With schools, colleges and early years providers all in scope, councils are meant to consult before it is allocated. But they often only consult school representatives.
Research by Special Needs Jungle, the parents’ network, shows that in previous rounds, 99 per cent of all HNPCA spending was on schools, with the remaining 1 per cent split between early years and FE.
“The obvious consequence of skewed investment is that accommodation in the college SEND sector is not improving to meet demand,” says Holloway.
Howard also says it is “ludicrous” that specialist colleges are exempt from the £1.5 billion FE capital transformation fund, leaving some “having to raid their reserves for maintenance, and reliant on fundraisers to carry out essential repairs”.
Kent Council acknowledges this challenge in a council report that explains how post 16 training providers “cannot draw down” capital funding, which “hinders the development of their offer across the county, as premises costs are high”.
Some positive progress
Much of the disorganised commissioning is laid bare in the 32 Ofsted area SEND inspections that have taken place since January last year. Overall, nine (28 per cent) were graded 3 (‘systemic failings’), the same percentage grade 1 (‘typically positive’), while 14 (44 per cent) were grade 2 ‘inconsistent’.
The reports are particularly critical of post-16 SEND arrangements. Only a quarter were generally positive, 16 per cent mixed and 59 per cent poor, our analysis revealed.
Ofsted found that in North Northamptonshire, “inaccurate” EHCPs do not support students to “access appropriate placements”.
In Bury (a safety valve council) inspectors reported “systemic failings” – with no provision in place for 18 to 25-year-olds to access an ADHD or autism assessment.
In Haringey, EHCPs “do not adequately address preparation for adulthood”.
However, Middlesbrough was praised for how “young people learn about pathways” to FE. In Oxfordshire planning for adult transition was found to be “coordinated” and avoided “delays”.

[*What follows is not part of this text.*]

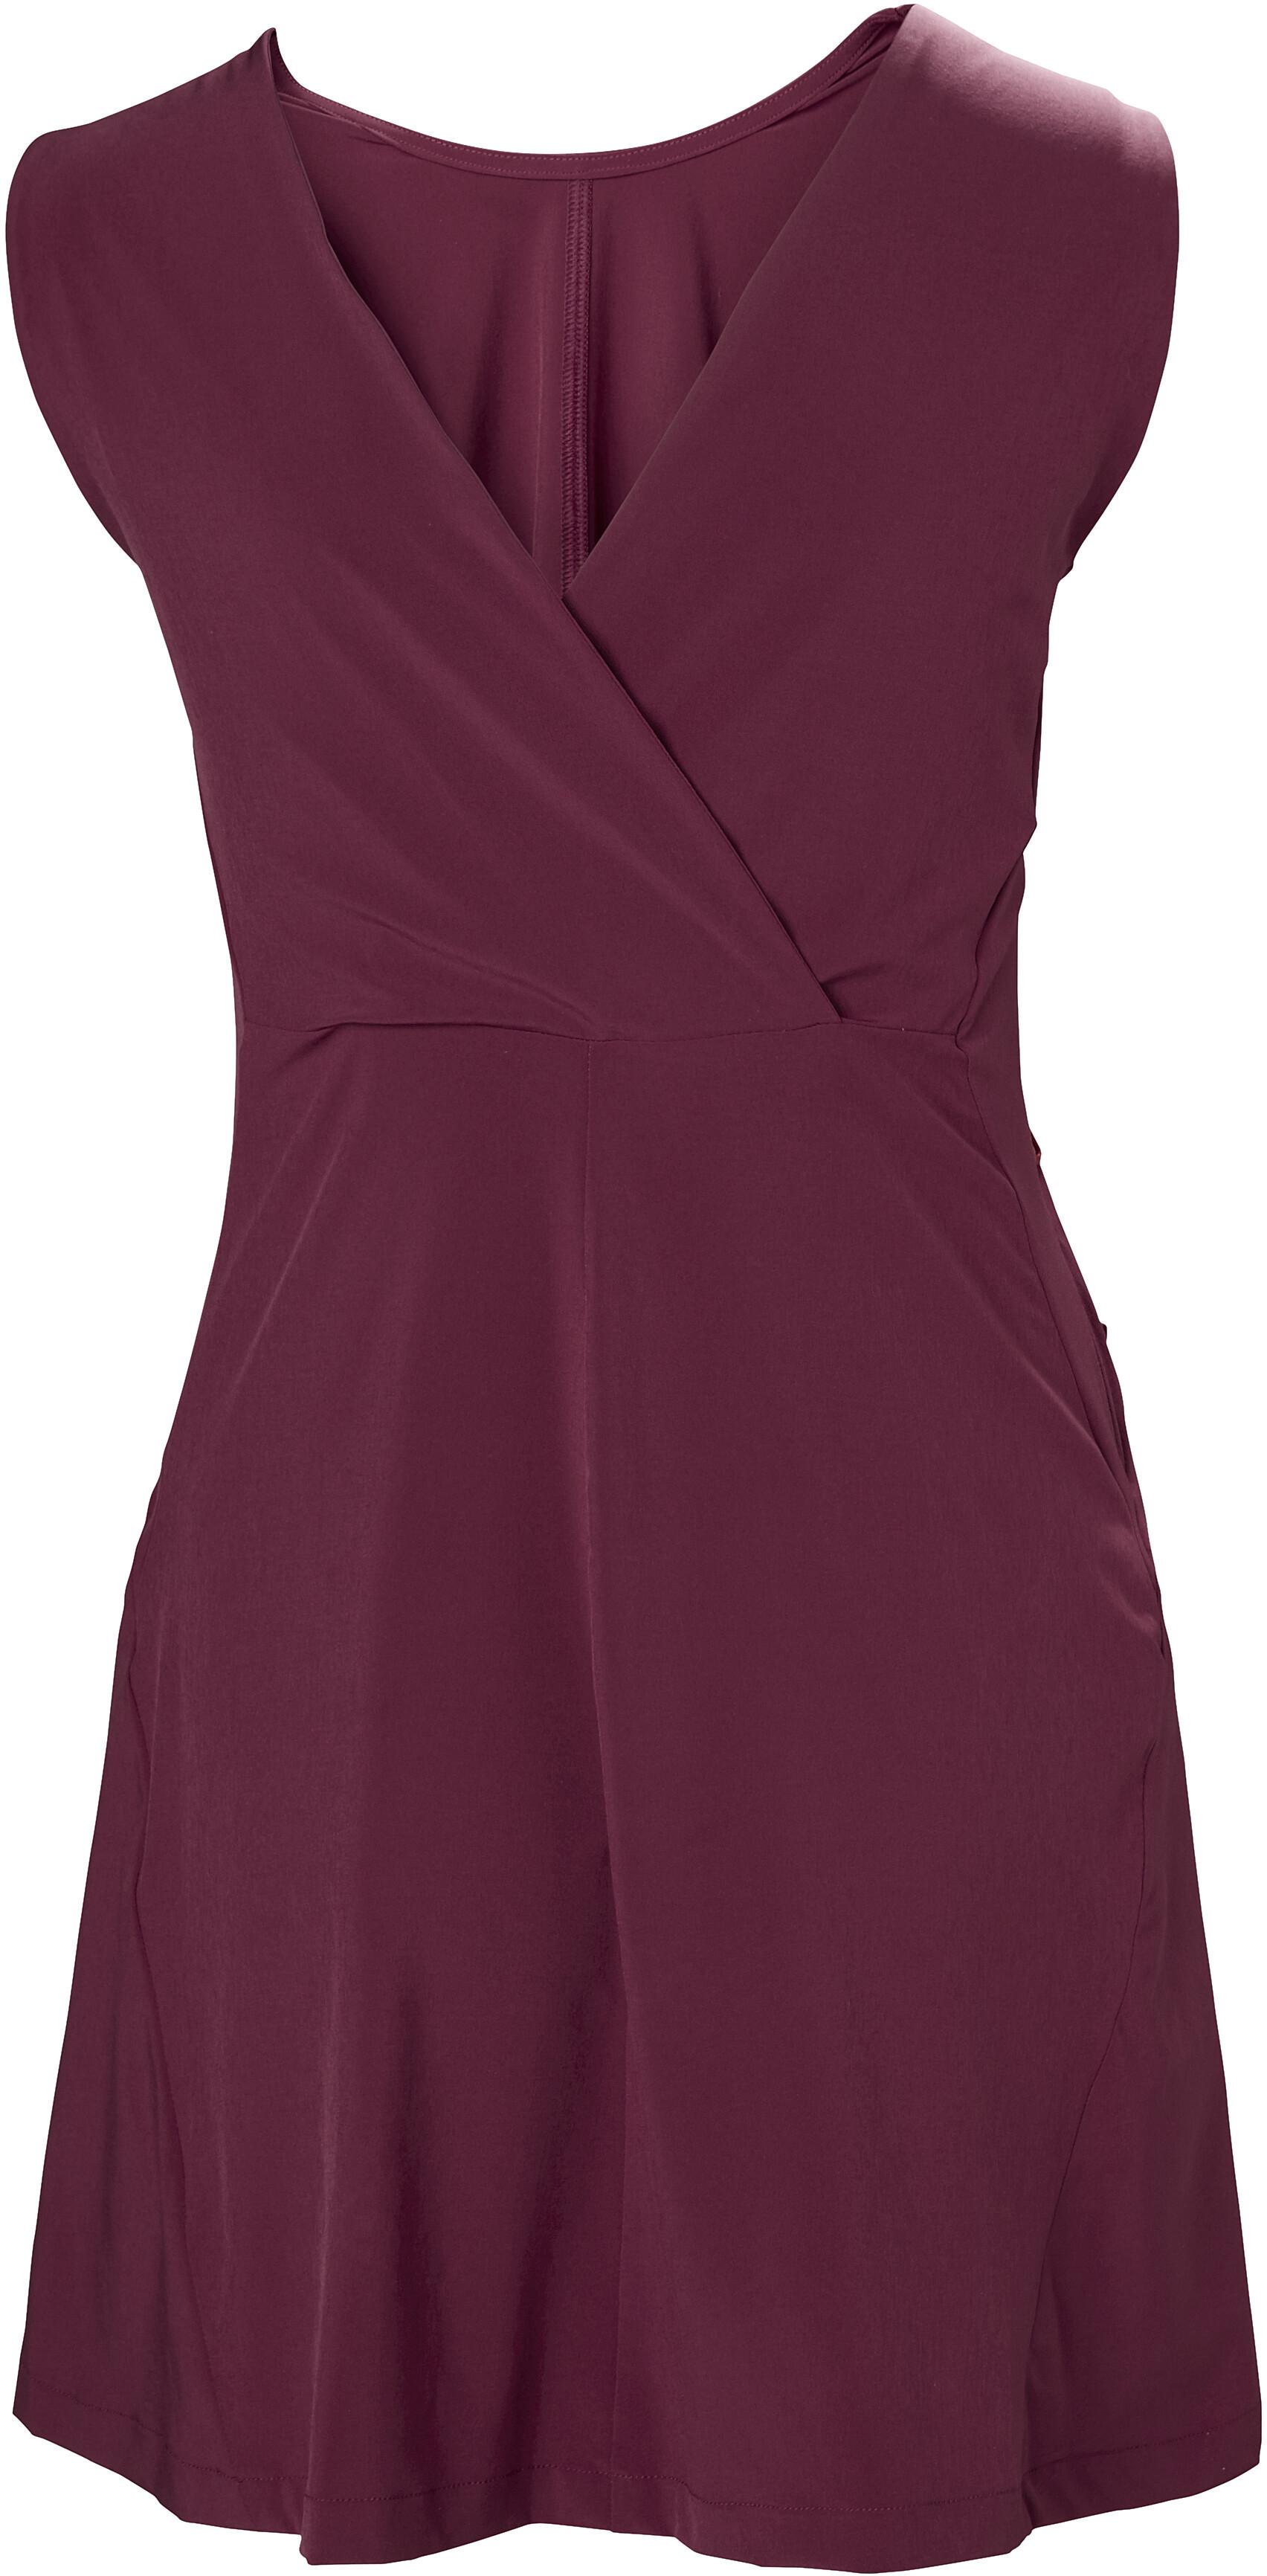 bcc7f746594 Helly Hansen Vik - Robe Femme - violet sur CAMPZ !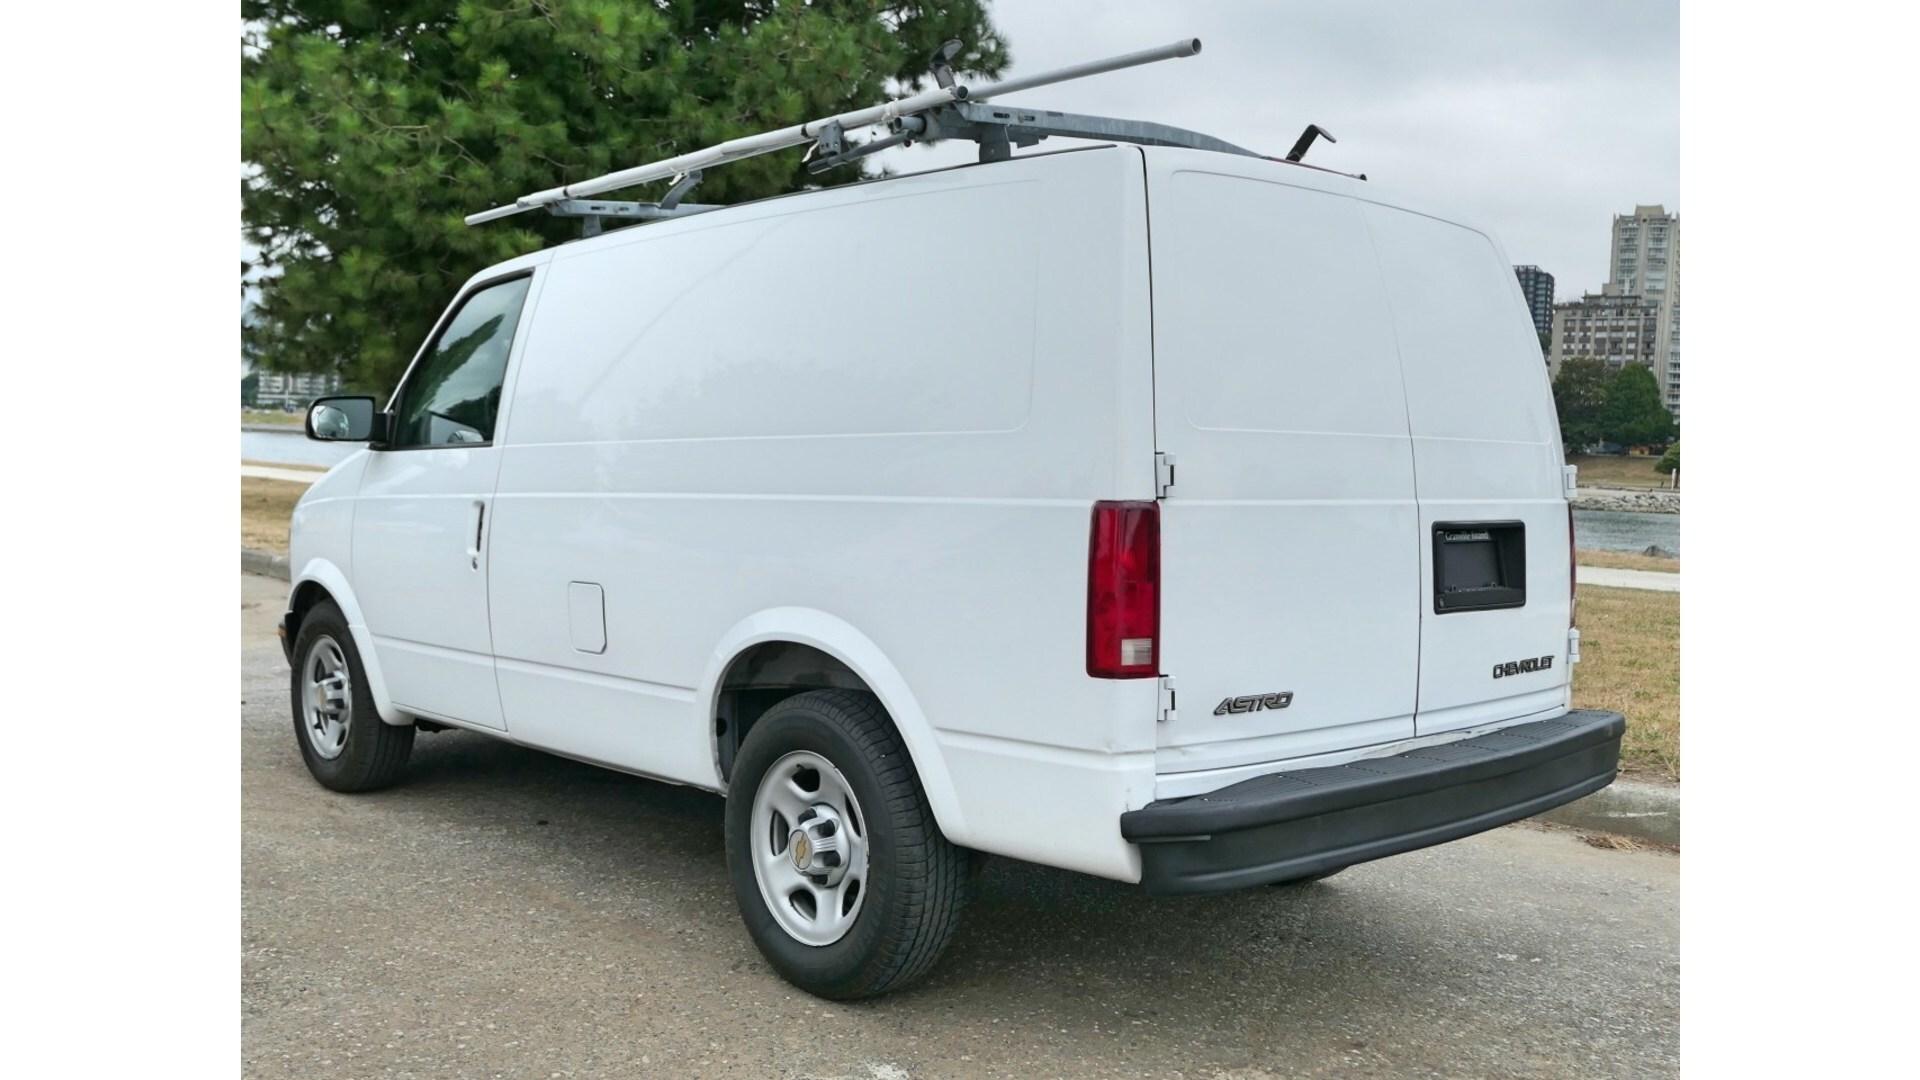 2005 Chevrolet ASTRO Cargo Van - w/ Bluetooth, Backup Camera

Some councils are keen to engage more with colleges around SEND provision. Hertfordshire Council was last year criticised by Ofsted for “systemic failings” and admitted that until recently, “increasing demand coupled with resource constraints, high sickness levels and high staff turnover has led to strain on existing systems”.
But after a meeting was arranged in April with representatives from four Hertfordshire colleges and then Watford MP Dean Russell, the council launched a “new regional partnership”, including colleges in strategic planning for specialist provision and high-needs funding discussions.